Although these studies provide ample evidence that homosexuals, particularly young homosexuals, are likely to experience pressure to conceal their sexual identity, they provide no details on the types of pressure or vulnerability. In previous studies of blackmail of homosexuals, the extortion was almost always an amateur effort by a lover, friend, acquaintance, relative, coworker, or neighbor of the homosexual. "The image of the gay person being blackmailed by professional extortionists seems rather mythical," according to one study. 75

Sexual entrapment followed by threats of arrest or blackmail is one of the standard recruitment techniques used by foreign intelligence and security services. This occurs principally in hostile or potentially hostile countries that conduct aggressive intelligence operations against the United States. It is important to note, however, that experience in the Soviet Union and other communist countries indicates that heterosexuals engaging in sexual relations with local nationals have been just as vulnerable to recruitment as homosexuals.

Bisexuality

Research on bisexuality has increased considerably in recent years, and many scientists and researchers have begun to identify bisexuality as a distinct sexual orientation. Others maintain it is not a distinct sexual orientation comparable to heterosexuality or homosexuality. There are three alternative interpretations: 76

Extensive interviews of persons who identified themselves as bisexuals have found that sexual behavior and lifestyle associated with those claims varies widely.77, 78 Many are basically homosexual but married. Others grew up conforming to heterosexual social norms but later experienced homosexual desires as a reaction to stress or emotional conflict. Some are hedonists who "swing" both ways but have a clear understanding of their sexual identity as heterosexual or homosexual. 79

At least thirteen different types of bisexuality have been proposed, ranging from traditional bisexuals who have loving, sexual relationships with persons of both sexes to conditional homosexuals, who are heterosexual but will have sex with same-sex partners when there is no access to other-sex partners (such as in jail or the military).80 Several types of bisexuality and their relationship to security are discussed here.
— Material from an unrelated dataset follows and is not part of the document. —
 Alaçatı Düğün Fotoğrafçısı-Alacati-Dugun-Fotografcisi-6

Unfortunately, those who do categorize themselves as bisexual may face greater pressure to conceal their sexual orientation than homosexuals. In a University of Oregon study, bisexuals were more likely than both gays and lesbians to conceal their sexual orientation.67 Many bisexuals report that they don't fit in and feel "left out" by both heterosexual and homosexual groups; they report not having a "place" in society. Therefore, they often try to conceal their bisexuality, either claiming they are 100% gay or 100% straight, in order to maintain social standing. That said, bisexuals may be more vulnerable than homosexuals to outside influence and coercion as a result of their sexual identity.
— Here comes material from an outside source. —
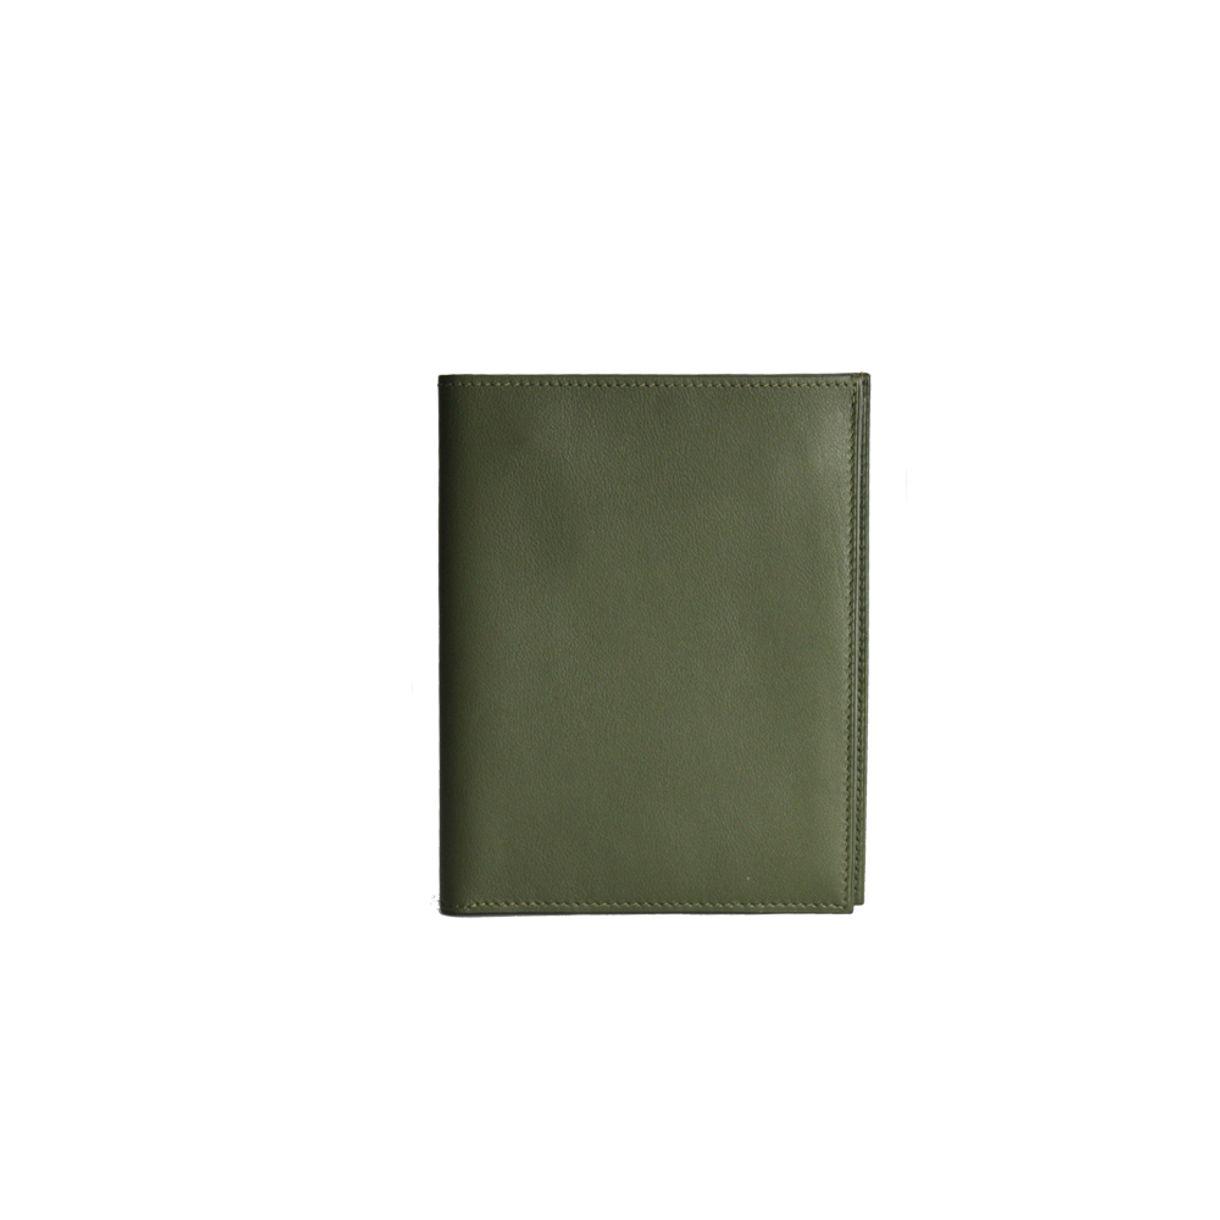 Carteira-Hermes-Verde

Patterns of sexual behavior are so diverse that it seems inadvisable to think in terms of neat categories like heterosexual, homosexual and bisexual. The scientific debate over whether there is such a thing as bisexuality, or how to define it, is not relevant to personnel security decisions. What name one ascribes to those who fit between the extremes of exclusive heterosexuality or exclusive homosexuality is far less important than recognition of the immense variety of human sexual behavior, and the ability to deal with individuals as individuals rather than as members of any category.

Transsexualism

Transsexualism, literally, means going from one sex to another. A transsexual experiences strong discomfort with his or her biological sex. There is a conviction that, mentally, one is a man trapped in a woman's body, or a woman trapped in a man's body. As with other gender and sexual anomalies, this occurs with varying degrees of severity.

The wish to be a member of the opposite sex commonly dates back to one's earliest childhood memory. The young child may make very emotional assertions that he or she is the other sex. Cross-dressing normally begins early in life, as does play that is more typical of the opposite gender and choice of playmates exclusively of the opposite gender. Although transsexuals almost invariably report having these gender identity problems in childhood, most children who have these problems do not grow up to be transsexuals.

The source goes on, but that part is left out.